From the line containing "Pablo Neruda Love" through the last line below, copy every line exactly, leaving out the pictures.
SUPPLIED INFORMATION Start Marker
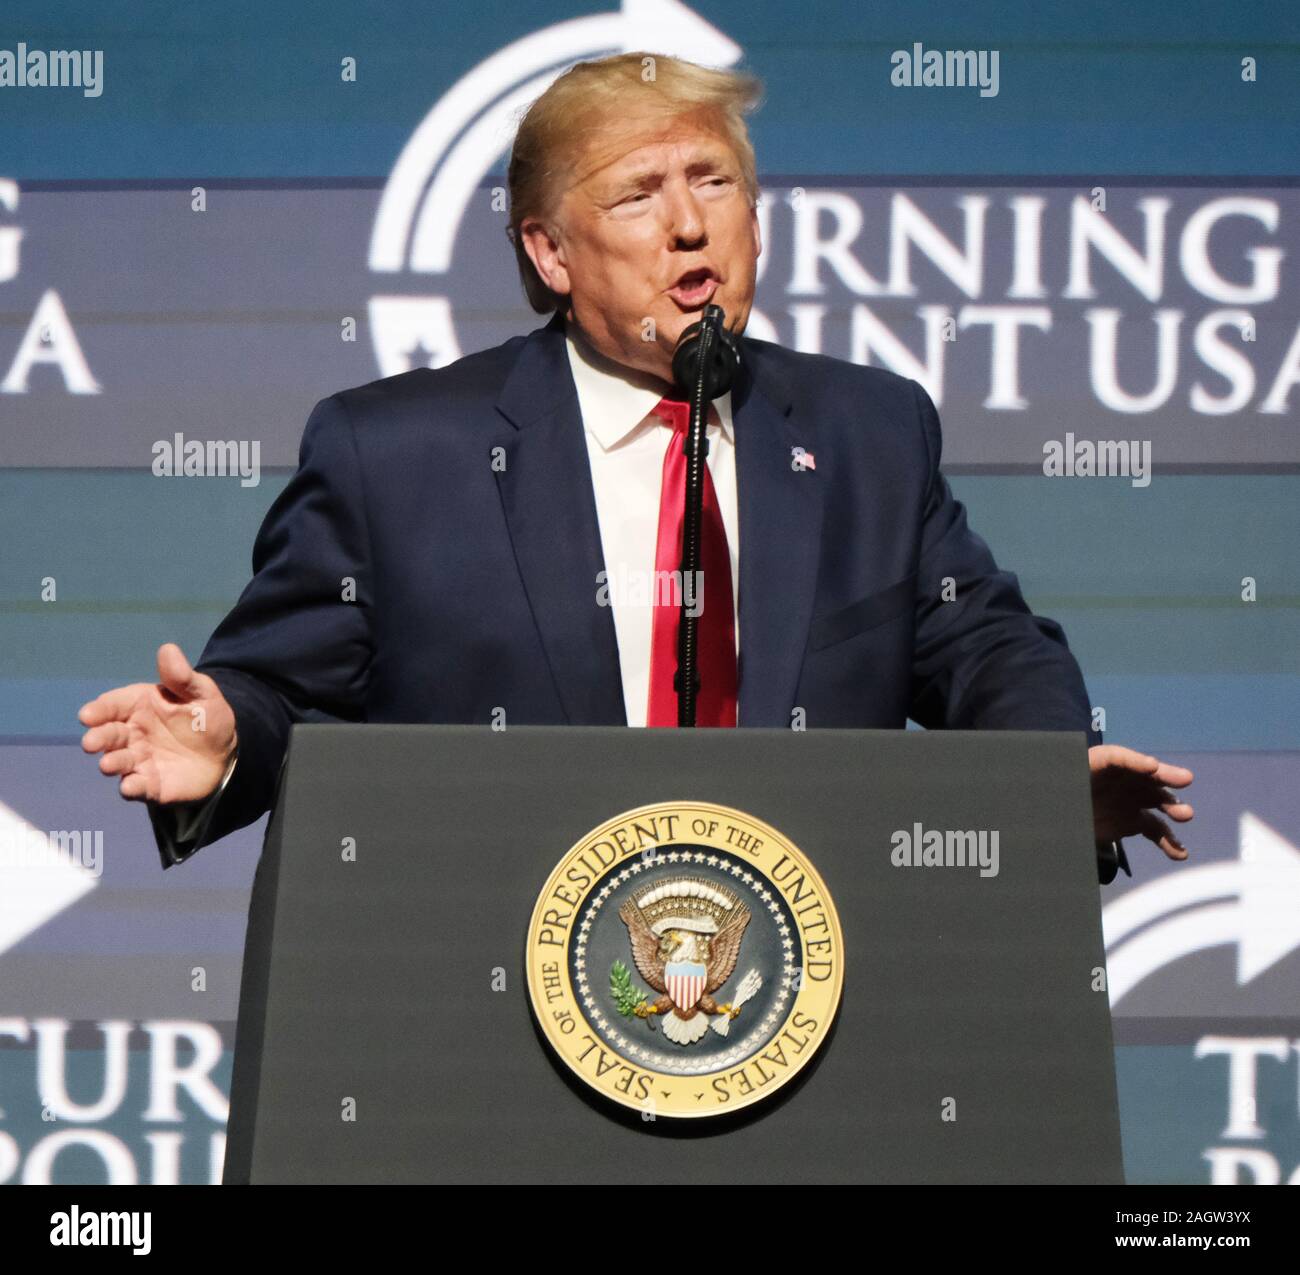 West Palm Beach, USA. 21st Dec, 2019. USA President Donald J.Trump speaks at the Turning Point USA conference for young conservatives at the Palm Beach Convention Center in West Palm Beach, Florida on Saturday, December 21, 2019. On Wednesday, December 18, 2019, President Donald Trump was the third U.S. President to be impeached by the House of Representatives. Photo by Gary I Rothstein/UPI Credit: UPI/Alamy Live News Stock Photo
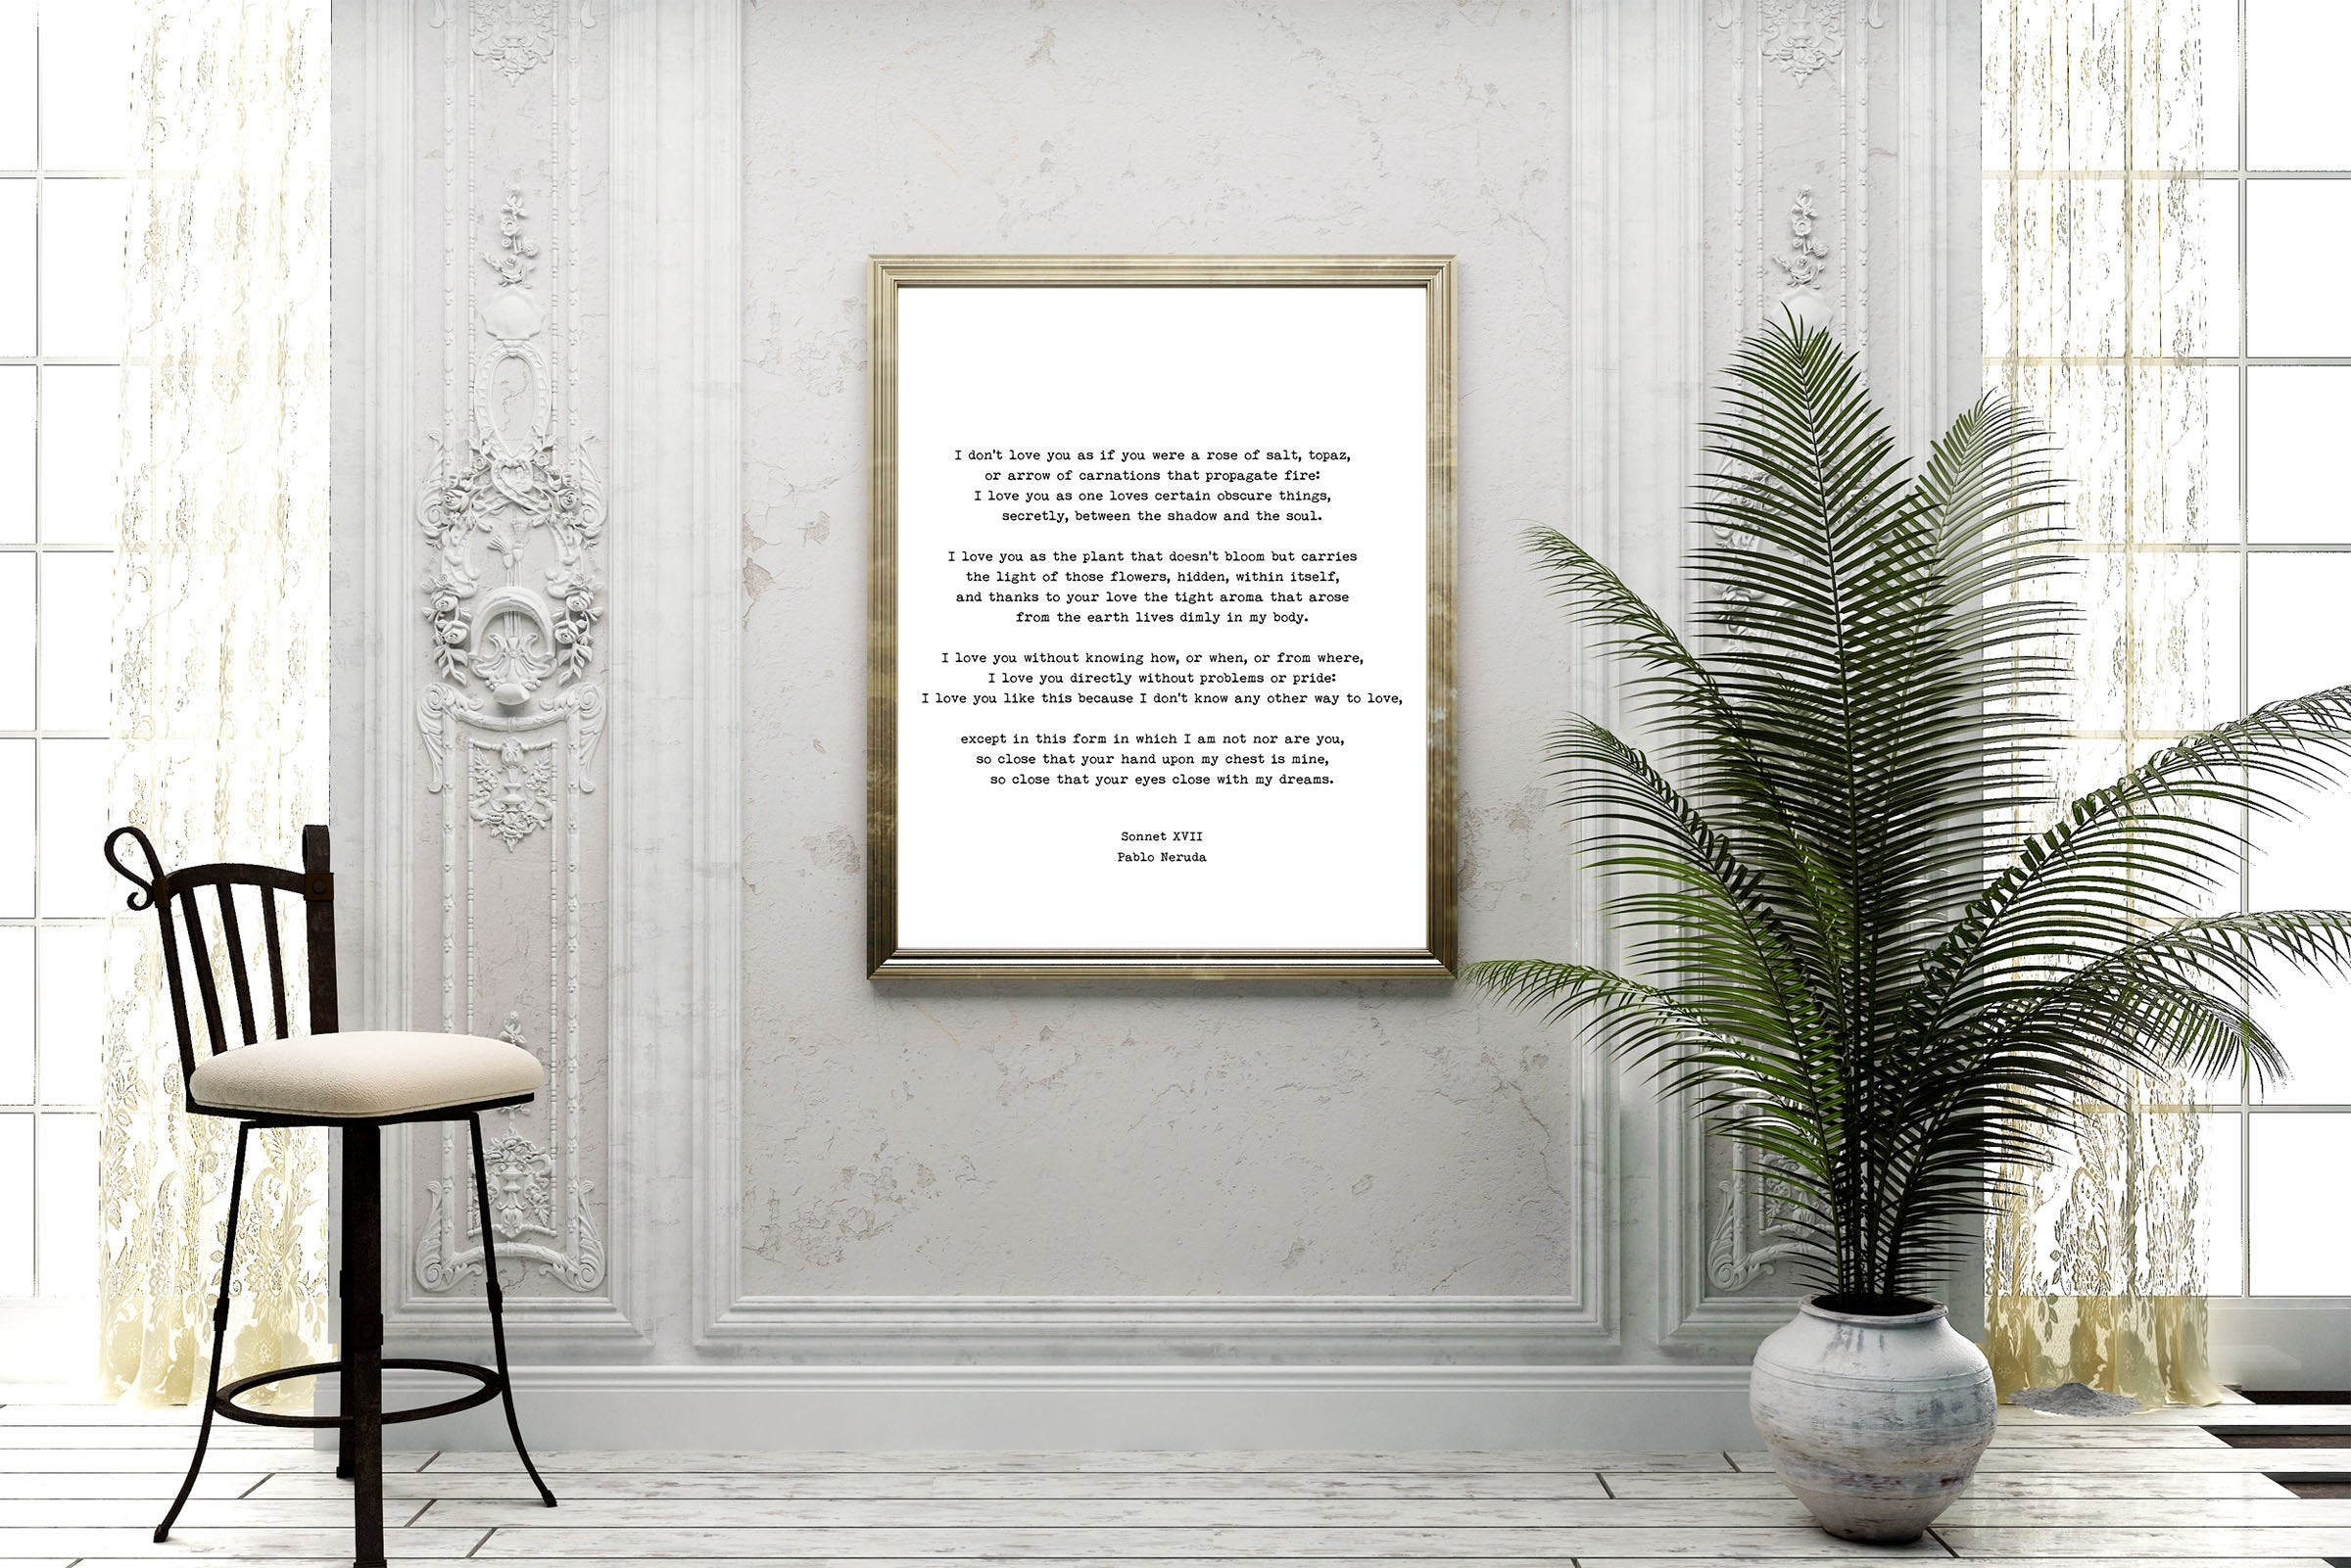 Pablo Neruda Love Poem Print, I Love You Without Knowing How Love Poetry Art, Gallery Wall Idea, Unframed - BookQuoteDecor
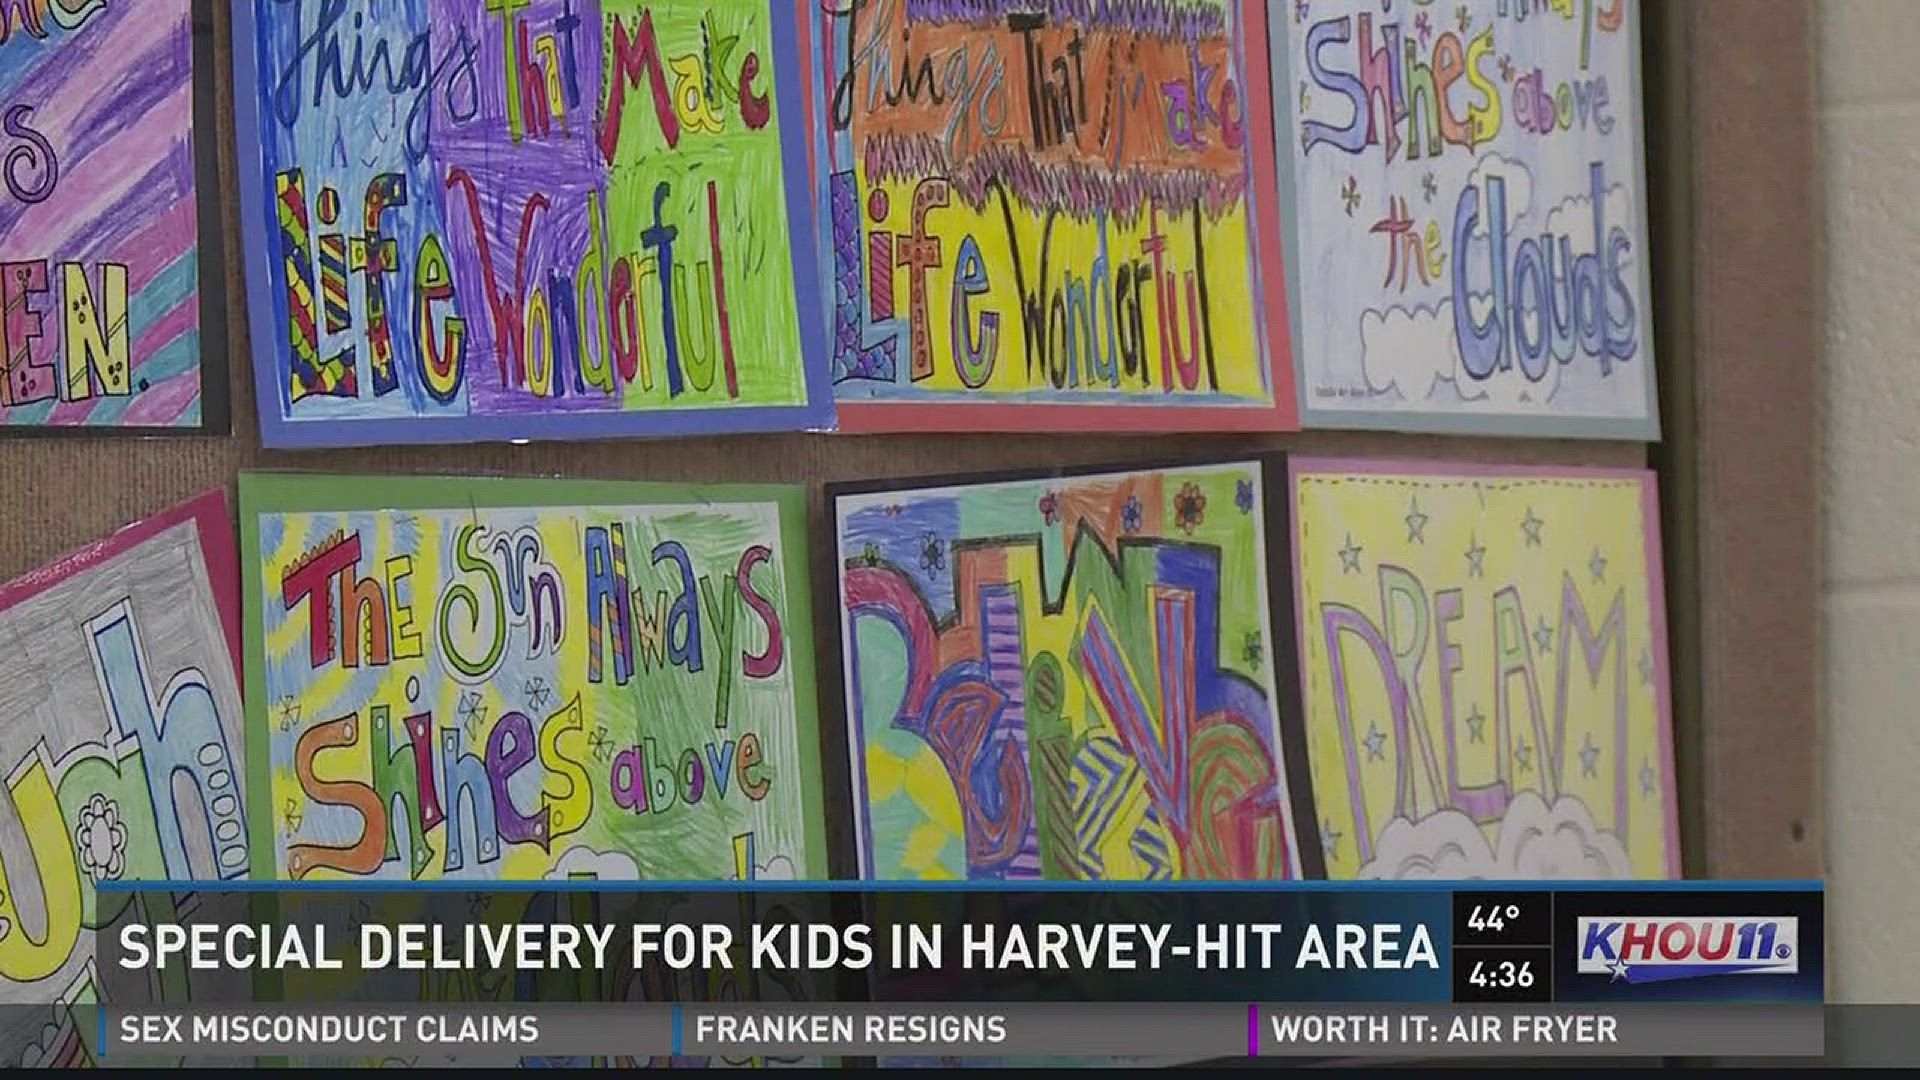 The holidays will be tough for many Houston-area families because of Harvey. But a special delivery from school kids in Pennsylvania helped brighten the spirits of some kids in Kingwood.
SUPPLIED INFORMATION End Marker
## SOLUTION BELOW
 Pablo Neruda Love Poem Print, I Love You Without Knowing How Love Poetry Art, Gallery Wall Idea, Unframed - BookQuoteDecor
 The holidays will be tough for many Houston-area families because of Harvey. But a special delivery from school kids in Pennsylvania helped brighten the spirits of some kids in Kingwood.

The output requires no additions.